═══ INFORMATION ═══

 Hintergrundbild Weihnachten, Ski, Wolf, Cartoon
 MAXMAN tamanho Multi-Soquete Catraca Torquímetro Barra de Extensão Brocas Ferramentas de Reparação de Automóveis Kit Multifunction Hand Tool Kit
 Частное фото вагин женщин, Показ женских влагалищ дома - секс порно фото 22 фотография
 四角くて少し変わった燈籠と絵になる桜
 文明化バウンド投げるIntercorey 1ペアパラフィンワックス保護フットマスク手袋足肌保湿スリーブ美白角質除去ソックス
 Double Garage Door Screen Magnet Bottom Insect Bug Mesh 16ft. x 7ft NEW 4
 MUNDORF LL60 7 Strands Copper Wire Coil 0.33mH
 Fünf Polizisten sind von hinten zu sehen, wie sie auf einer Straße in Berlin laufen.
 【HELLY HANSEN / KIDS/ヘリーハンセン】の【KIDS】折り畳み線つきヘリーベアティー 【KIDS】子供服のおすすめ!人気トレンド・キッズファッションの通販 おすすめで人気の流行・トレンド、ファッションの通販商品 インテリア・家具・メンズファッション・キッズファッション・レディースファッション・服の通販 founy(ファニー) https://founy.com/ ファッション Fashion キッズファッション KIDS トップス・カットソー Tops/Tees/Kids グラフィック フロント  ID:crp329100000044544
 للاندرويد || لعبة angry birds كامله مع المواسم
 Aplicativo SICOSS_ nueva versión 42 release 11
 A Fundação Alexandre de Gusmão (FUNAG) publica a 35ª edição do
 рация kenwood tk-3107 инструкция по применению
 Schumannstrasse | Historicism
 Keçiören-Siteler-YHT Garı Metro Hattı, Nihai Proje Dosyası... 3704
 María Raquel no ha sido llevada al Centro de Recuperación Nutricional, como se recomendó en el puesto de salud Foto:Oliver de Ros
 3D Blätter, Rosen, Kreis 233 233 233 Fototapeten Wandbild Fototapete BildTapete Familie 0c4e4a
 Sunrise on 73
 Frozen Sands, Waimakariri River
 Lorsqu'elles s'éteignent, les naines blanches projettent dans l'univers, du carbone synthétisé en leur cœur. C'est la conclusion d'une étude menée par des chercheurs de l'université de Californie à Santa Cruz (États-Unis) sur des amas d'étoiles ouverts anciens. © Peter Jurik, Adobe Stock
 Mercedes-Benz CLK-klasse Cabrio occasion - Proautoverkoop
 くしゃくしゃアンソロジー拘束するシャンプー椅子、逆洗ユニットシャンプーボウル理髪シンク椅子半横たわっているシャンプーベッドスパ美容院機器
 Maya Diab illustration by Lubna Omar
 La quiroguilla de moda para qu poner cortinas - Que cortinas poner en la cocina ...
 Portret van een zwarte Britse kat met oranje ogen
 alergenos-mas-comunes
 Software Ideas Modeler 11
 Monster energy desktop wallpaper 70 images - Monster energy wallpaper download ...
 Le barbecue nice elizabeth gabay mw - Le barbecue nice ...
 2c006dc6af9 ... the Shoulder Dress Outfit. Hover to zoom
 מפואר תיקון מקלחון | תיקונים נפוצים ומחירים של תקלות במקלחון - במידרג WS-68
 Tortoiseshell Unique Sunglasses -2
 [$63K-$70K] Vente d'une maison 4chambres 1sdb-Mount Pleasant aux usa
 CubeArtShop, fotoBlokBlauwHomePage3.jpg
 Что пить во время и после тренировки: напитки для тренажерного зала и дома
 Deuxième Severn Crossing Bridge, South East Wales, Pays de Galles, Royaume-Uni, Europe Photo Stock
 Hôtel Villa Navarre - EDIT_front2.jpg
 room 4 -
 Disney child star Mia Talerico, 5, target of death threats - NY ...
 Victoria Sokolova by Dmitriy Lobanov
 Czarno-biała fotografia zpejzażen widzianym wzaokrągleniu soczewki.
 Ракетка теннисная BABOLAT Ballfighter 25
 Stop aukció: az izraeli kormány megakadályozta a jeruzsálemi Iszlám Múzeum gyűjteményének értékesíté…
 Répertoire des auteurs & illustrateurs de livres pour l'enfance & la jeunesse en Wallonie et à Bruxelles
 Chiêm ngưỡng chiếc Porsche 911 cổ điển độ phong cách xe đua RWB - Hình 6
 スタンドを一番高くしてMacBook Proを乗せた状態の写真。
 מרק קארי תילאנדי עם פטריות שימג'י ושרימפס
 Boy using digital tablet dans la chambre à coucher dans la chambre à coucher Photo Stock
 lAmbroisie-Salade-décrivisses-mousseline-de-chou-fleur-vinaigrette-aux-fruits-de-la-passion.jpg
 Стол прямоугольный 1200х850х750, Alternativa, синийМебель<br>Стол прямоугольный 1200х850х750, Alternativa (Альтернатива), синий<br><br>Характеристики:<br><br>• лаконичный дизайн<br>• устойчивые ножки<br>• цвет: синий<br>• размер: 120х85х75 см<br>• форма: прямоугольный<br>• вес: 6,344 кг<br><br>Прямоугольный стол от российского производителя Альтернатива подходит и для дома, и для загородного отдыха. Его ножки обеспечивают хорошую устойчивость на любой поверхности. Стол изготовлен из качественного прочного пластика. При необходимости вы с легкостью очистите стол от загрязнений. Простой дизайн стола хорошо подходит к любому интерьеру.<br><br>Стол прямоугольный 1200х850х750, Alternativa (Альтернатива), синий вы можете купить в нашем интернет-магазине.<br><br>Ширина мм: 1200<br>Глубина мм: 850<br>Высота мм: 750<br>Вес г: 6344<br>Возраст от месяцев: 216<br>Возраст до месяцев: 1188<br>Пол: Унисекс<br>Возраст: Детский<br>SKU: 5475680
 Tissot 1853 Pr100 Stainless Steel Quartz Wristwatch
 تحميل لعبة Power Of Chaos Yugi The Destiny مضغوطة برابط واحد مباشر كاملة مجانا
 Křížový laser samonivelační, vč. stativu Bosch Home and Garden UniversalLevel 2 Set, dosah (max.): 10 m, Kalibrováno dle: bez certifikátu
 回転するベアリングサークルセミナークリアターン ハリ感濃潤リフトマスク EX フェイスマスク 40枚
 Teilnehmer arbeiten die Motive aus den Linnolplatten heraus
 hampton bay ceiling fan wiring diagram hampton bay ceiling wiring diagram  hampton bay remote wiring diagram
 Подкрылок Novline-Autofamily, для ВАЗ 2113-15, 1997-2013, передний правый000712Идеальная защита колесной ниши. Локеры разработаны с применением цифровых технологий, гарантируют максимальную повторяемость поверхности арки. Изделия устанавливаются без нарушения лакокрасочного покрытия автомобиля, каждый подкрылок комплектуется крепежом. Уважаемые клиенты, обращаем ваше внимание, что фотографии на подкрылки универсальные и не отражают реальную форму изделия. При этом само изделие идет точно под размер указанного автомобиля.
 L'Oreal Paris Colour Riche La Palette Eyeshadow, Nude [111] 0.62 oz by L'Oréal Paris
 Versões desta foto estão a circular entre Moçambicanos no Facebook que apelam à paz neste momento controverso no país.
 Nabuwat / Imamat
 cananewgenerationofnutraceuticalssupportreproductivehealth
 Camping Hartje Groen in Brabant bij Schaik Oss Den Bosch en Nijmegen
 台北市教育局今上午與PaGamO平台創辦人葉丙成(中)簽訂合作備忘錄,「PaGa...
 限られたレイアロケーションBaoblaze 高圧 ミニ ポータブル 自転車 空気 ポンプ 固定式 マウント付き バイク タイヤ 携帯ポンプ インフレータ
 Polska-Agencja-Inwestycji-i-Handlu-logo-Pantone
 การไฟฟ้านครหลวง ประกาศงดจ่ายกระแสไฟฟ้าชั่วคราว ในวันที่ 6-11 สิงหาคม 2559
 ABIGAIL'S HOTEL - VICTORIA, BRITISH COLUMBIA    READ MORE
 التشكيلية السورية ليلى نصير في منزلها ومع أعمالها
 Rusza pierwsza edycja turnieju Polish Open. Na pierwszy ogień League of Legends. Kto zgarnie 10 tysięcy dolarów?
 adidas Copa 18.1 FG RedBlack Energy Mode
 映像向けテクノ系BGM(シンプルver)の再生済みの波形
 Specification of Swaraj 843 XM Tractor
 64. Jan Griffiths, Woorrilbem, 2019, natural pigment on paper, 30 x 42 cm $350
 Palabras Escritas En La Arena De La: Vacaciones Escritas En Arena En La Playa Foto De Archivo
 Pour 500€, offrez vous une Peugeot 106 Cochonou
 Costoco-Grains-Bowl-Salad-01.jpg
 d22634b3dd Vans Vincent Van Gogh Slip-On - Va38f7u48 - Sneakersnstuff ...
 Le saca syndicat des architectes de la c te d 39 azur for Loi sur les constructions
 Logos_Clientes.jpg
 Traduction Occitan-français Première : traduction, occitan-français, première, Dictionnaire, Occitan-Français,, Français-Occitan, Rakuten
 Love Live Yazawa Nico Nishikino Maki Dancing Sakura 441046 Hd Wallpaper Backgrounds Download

═══

BRIEF: Print the line with "التشكيلية السورية ليلى" and every line after it in the entries above, exactly as written. Leave out all other lines.

TASK RESULT:
 التشكيلية السورية ليلى نصير في منزلها ومع أعمالها
 Rusza pierwsza edycja turnieju Polish Open. Na pierwszy ogień League of Legends. Kto zgarnie 10 tysięcy dolarów?
 adidas Copa 18.1 FG RedBlack Energy Mode
 映像向けテクノ系BGM(シンプルver)の再生済みの波形
 Specification of Swaraj 843 XM Tractor
 64. Jan Griffiths, Woorrilbem, 2019, natural pigment on paper, 30 x 42 cm $350
 Palabras Escritas En La Arena De La: Vacaciones Escritas En Arena En La Playa Foto De Archivo
 Pour 500€, offrez vous une Peugeot 106 Cochonou
 Costoco-Grains-Bowl-Salad-01.jpg
 d22634b3dd Vans Vincent Van Gogh Slip-On - Va38f7u48 - Sneakersnstuff ...
 Le saca syndicat des architectes de la c te d 39 azur for Loi sur les constructions
 Logos_Clientes.jpg
 Traduction Occitan-français Première : traduction, occitan-français, première, Dictionnaire, Occitan-Français,, Français-Occitan, Rakuten
 Love Live Yazawa Nico Nishikino Maki Dancing Sakura 441046 Hd Wallpaper Backgrounds Download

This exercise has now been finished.